The UT Energy Symposium kicks off the semester by welcoming Professor Raj Patel of the LBJ School of Public Affairs to give a talk titled "How Energy Fits into the History of the World in Seven Cheap Things."
Speaker bio: Raj Patel is a research professor in the LBJ School of Public Affairs at The University of Texas at Austin and a senior research associate at the Unit for the Humanities at Rhodes University. He studies the world food system and alternatives to it. He is currently working on a documentary project about the food system with award-winning director Steve James. He has testified about the causes of the global food crisis to the U.S. House of Representative’s Financial Services Committee and was an adviser to Olivier De Schutter, the United Nations Special Rapporteur on the Right to Food. In addition to publications in journals about economics, philosophy, politics, international development, and public health, he writes for a range of newspapers and co-hosts The Secret Ingredient podcast. His books include Stuffed and Starved and The Value of Nothing. His latest book, co-authored with Jason W. Moore, is published by the University of California Press and entitled A History of the World in Seven Cheap Things: A Guide To Capitalism, Nature and the Future of the Planet.

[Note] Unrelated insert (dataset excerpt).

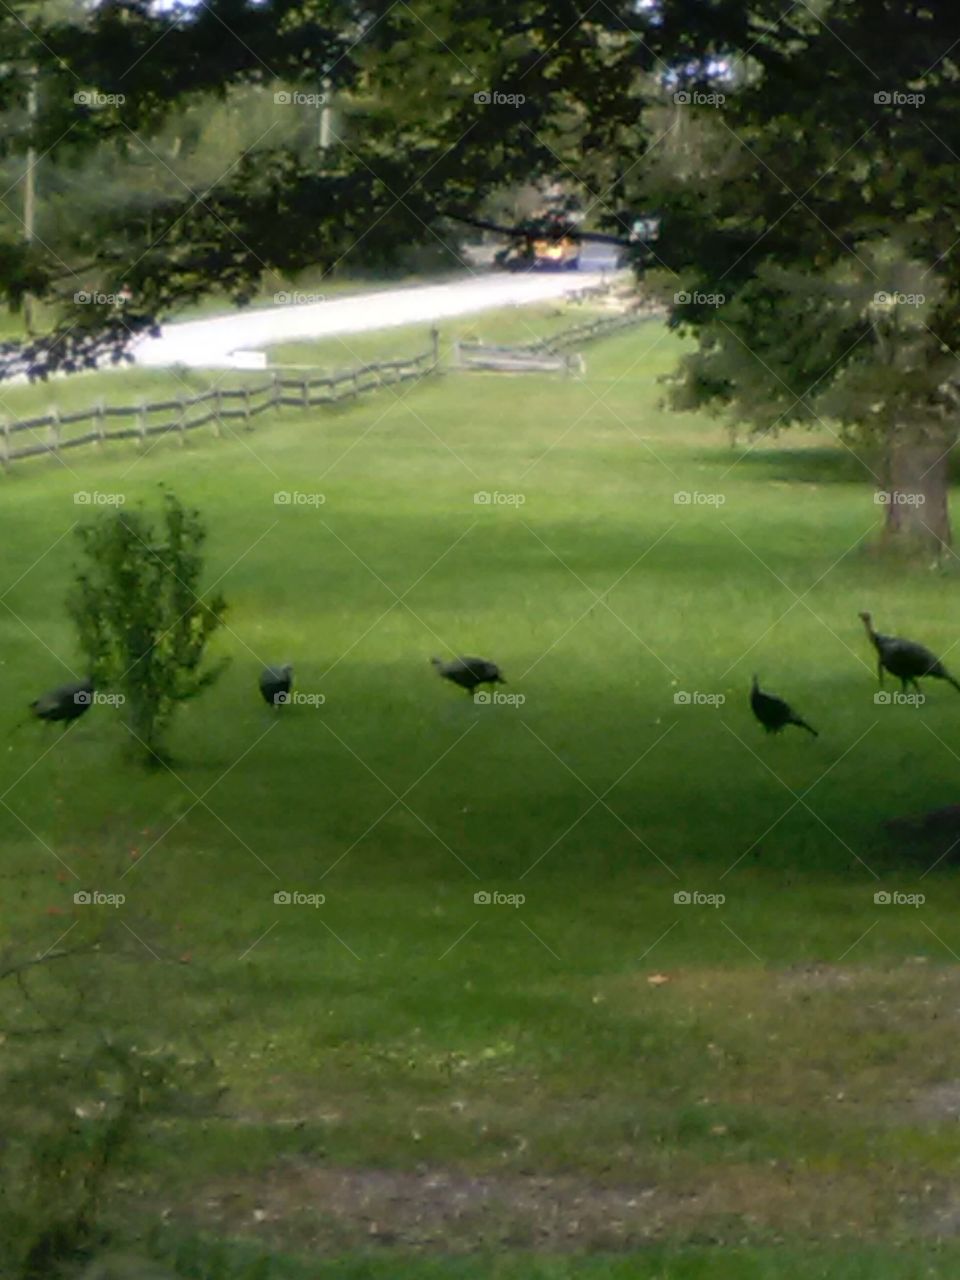 Wild Turkeys in the field

Topic summary: A discussion of how capitalism has long been premised on cheap energy, and how, with fossil fuels now unsustainable, 21st century quests for cheap energy seem similar to energy histories in the 15th and 16th centuries.
The UT Energy Symposium meets every Thursday during the long semesters. Come early to attend a networking session before the talk: refreshments will be served at 4:45 p.m. in the POB Connector Lobby outside the auditorium.